Legislative enhancement to bring competitiveness, FDI and integration.

Moreover, the NSMP II is projected to necessitate between 200,000 and 250,000 hectares of suitable land and will require substantial investments totalling over $3.5 billion. This phase is strategically designed to leverage synergies across various stakeholders, foster technological advancements, and enhance productivity within the sugar industry. Moreover, the implementation roadmap for NSMP II, includes a robust monitoring framework aimed at ensuring accountability, tracking progress, and making timely adjustments to optimize outcomes. One of the key initiatives being pursued by the NSDC is the amendment of the NSDC Act to create an enabling environment that supports sectoral growth and instils confidence among investors.

This legislative enhancement is poised to bolster the industry’s competitiveness, attract foreign direct investment, and facilitate the seamless integration of domestic production through backward integration programs. The NSMP, originally launched in 2012, has been instrumental in charting the strategic course for the sugar sector’s development while fostering a conducive policy environment for its execution. Notably, the policy framework incentivizes domestic production through tax incentives and promotes collaboration between local sugar manufacturing companies, as exemplified by the collaborative efforts of industry leaders such as Dangote Sugar Refinery, BUA Foods, Flour Mills, KIA Africa, among others, within the SIMOG platform.

Potential solutions to the food crisis in Nigeria.

As well, the SIMOG platform serves as a catalyst for peer review, knowledge sharing, and the validation of performance data, thereby enhancing transparency, credibility, and collective problem-solving within the sugar industry. The participation of industry stalwarts in SIMOG meetings underscores their commitment to driving sustainable growth, innovation, and inclusive development within Nigeria’s burgeoning sugar sector. The Nigerian government recently acknowledged challenges with food security and rising food prices. While details are still emerging, the government have announced a part of their plan.

It includes short-term relief as well as long-term solutions. On short-term solutions, the government might distribute fertilizers, grains, and other essentials directly to farmers and vulnerable households. This aims to counteract the effects of subsidy removal on food affordability. The government can also consider improved collaboration. Increased cooperation between the Ministry of Agriculture and the Ministry of Water Resources is expected to improve food production in the country. This could focus on ensuring efficient irrigation systems to support crop production.

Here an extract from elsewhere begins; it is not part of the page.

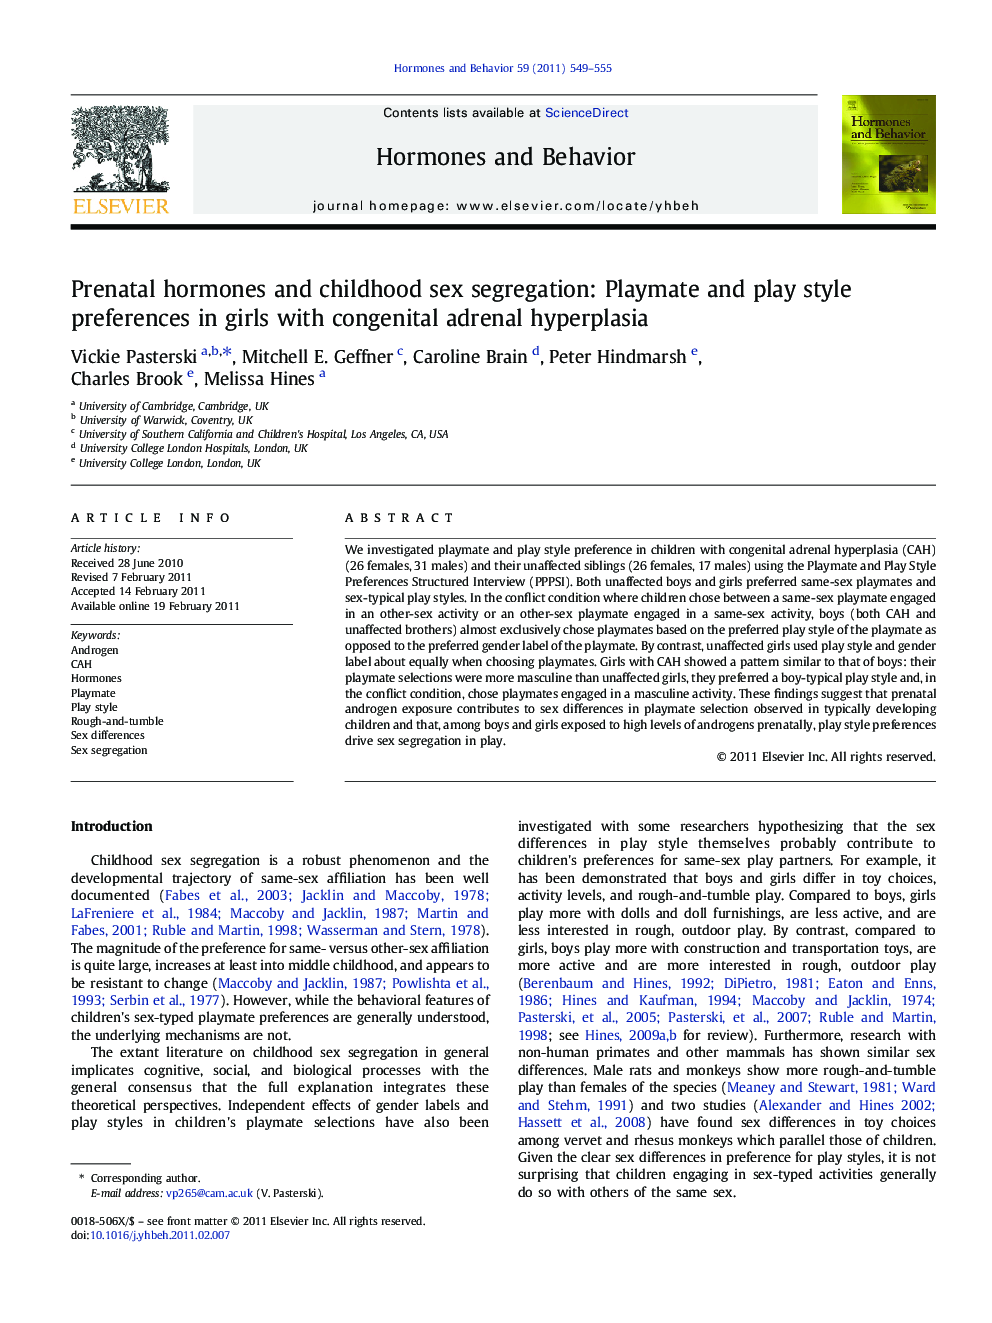 Prenatal hormones and childhood sex segregation: Playmate and play style preferences in girls with congenital adrenal hyperplasia

Related Article: Impact of potential increase of sugar tax

Finally, long-term solutions might include re-establishing a Commodity Board, which would regulate food prices and potentially create a buffer stock system to stabilize prices during fluctuations; and agricultural development, where the government might focus on long-term plans to revitalize the agricultural sector. This could involve supporting local farmers with better access to resources, training, and technology to increase food production. Importantly, these are potential aspects of the plan, and official details may emerge in the coming days or weeks.